This week I caught up with Shawn Cabral, Director of Marketing at Sitecore UK. Shawn has previously written for the Digital Marketing Magazine, explaining how to drive customer loyalty with a digitally connected leadership approach. We spoke about how loyalty has changed in the digital world.
How would you describe loyalty before digital?
“The original concept of loyalty was primarily centred on the quality of the personal relationships the customer had with the people representing a brand. Whether this was the bank manager, shop assistant or travel agent, the way they interacted with us, how they delivered the brand’s core values and product benefits contributed directly to building customer loyalty. This face-to-face ‘personal relationship’ began to fade as digital started to take hold. Loyalty is also built from familiarity, or an emotional connection with the brand - especially within the FMCG sector, and sometimes this is passed down from one generation to the next – we’re loyal to certain brands without really questioning why.”

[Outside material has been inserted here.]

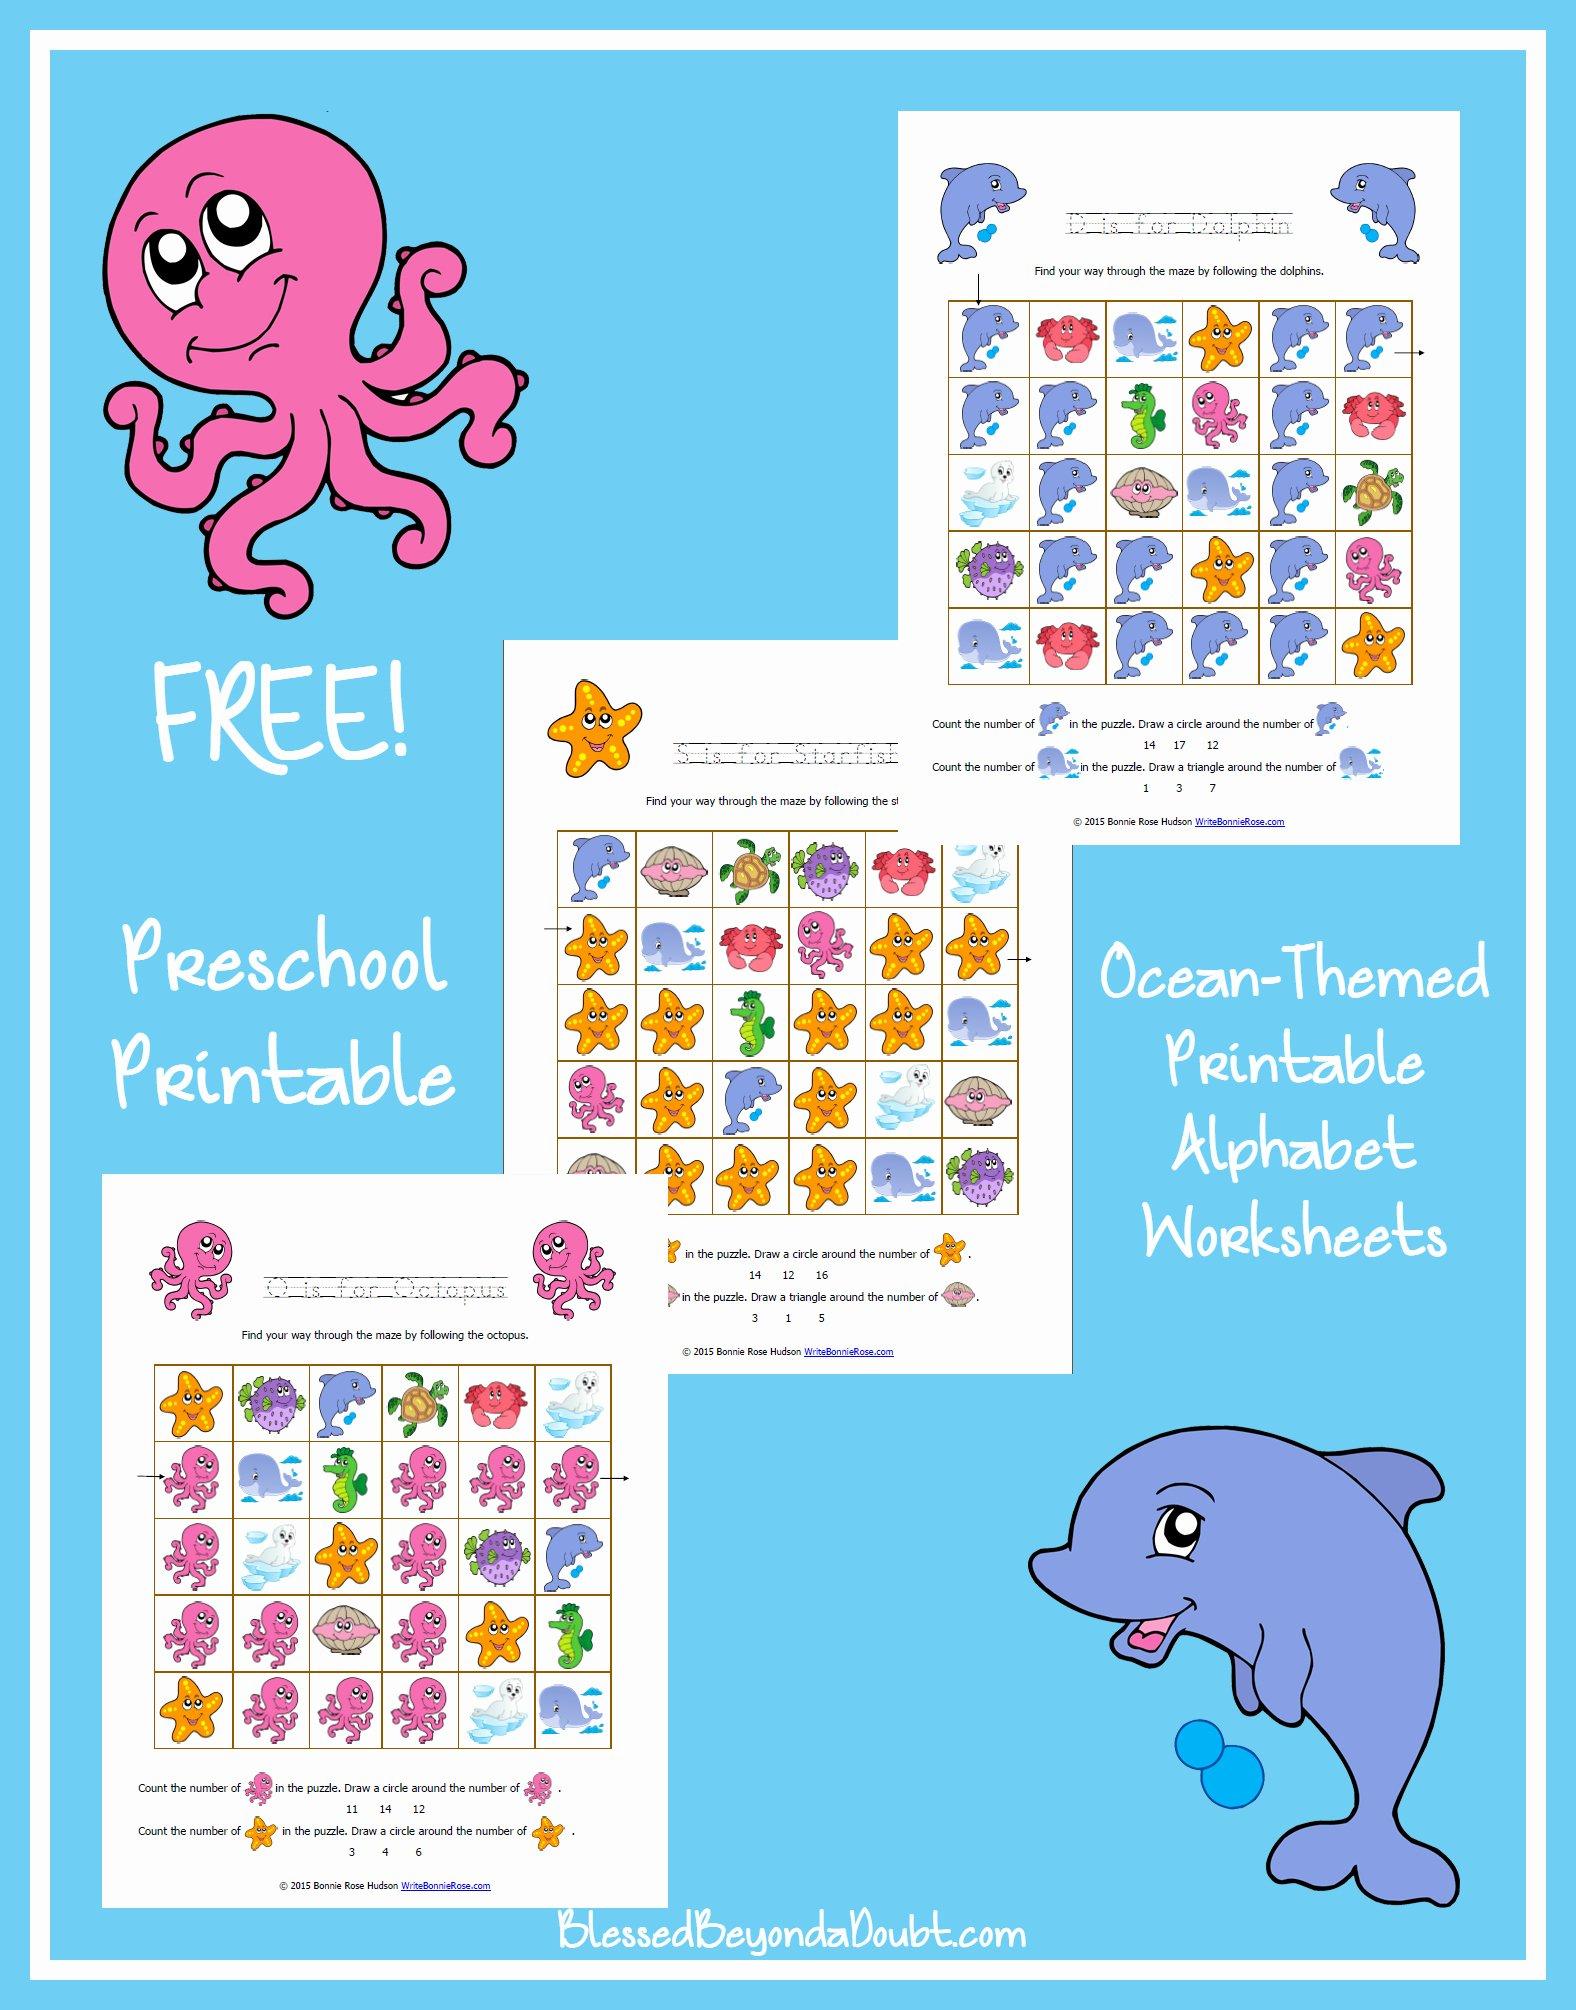 Ocean themed Worksheets for Preschoolers top Free Ocean themed Printable Alphabet Worksheets for

Traditionally, how did they want to engage with businesses?
“Customers desire two-way interaction to build a solid relationship with a brand and it’s digital that opens up this interplay. Customers today wish to engage with the brand on ‘their terms’, although the challenge is how brands interpret these ‘terms’. Brands need to gain a deeper level of customer insight, understand a customer’s preferred way of communicating and lead the interaction in terms of predicting and anticipating their needs and desires, this then opens up real engagement. However, brands need this whole picture when looking at their customers, such as the channels they use and how they like to interact so they can engage accordingly with each individual customer. Digital marketing platforms offer marketers solutions that can offer this detailed level of insight, and also real-time flexibility to adapt to a customer’s changing needs.”
Customer satisfaction was the main factor in loyalty prior to digital, would you say that has changed? Or are customers satisfied in different ways?
“Prior to digital, customer satisfaction was one of the only elements we could measure. But now with digital we can gauge satisfaction more effectively across the entire customer experience through utilising digital marketing platforms. Today we can measure the ‘loyalty’ aspect before a prospect becomes a customer prior to any interaction with the brand, such as discovering whether the consumer is a fan of the brand and how a prospect moves towards purchase to the actual transaction stage. There may be customers who were previously satisfied with the brand but have had little or no interaction because of affordability or due to change of circumstance. These customers may still be ‘loyal’ to the brand and can be good advocates for other prospects.”
What would you say is the biggest driver of customer loyalty in a digital world?
“The key to true engagement still lies with the emotional connection a customer has with a brand. What the brand does to empower the customer’s lifestyle and affirm their aspirations can ultimately trigger the emotive driving force behind the solid and loyal relationship of a customer. Digital can create ‘moments of delight’, a brand recognising or rewarding a consumer at a moment where a gesture makes maximum emotional impact. Brands can also start to recreate the personal relationship of the sales or company rep and even go beyond customer insight through automated personal communication, timed around the individual behaviour, and converse with the customer without being prompted. This 360° experience from a customer/brand perspective will build that long-term relationship similar to the personal face-to-face experience we benefited from before digital came into play.”
How important is big data to providing customer engagement, and therefore satisfaction and loyalty?
“We are talking insight here, you need to use your data sources in a way that will be relevant for measuring loyalty in your sector. A great place to start would be to look at the differences between loyal customers and customers who leave, and identifying if there are there any obvious reasons why customers leave. How does your brand measure customer satisfaction, are you benchmarking your brand versus other brands in your sector, or benchmarking against the best in the world? If you are in a sector that is not renowned for excellent service for example, then benchmark against the very best. Digital is a marketing and a business enabler, and can help you make huge progress in delivering a customer experience that is more personalised and appropriate to the needs of your customers.”
By Jonathan Davies, Editor of the Digital Marketing Magazine.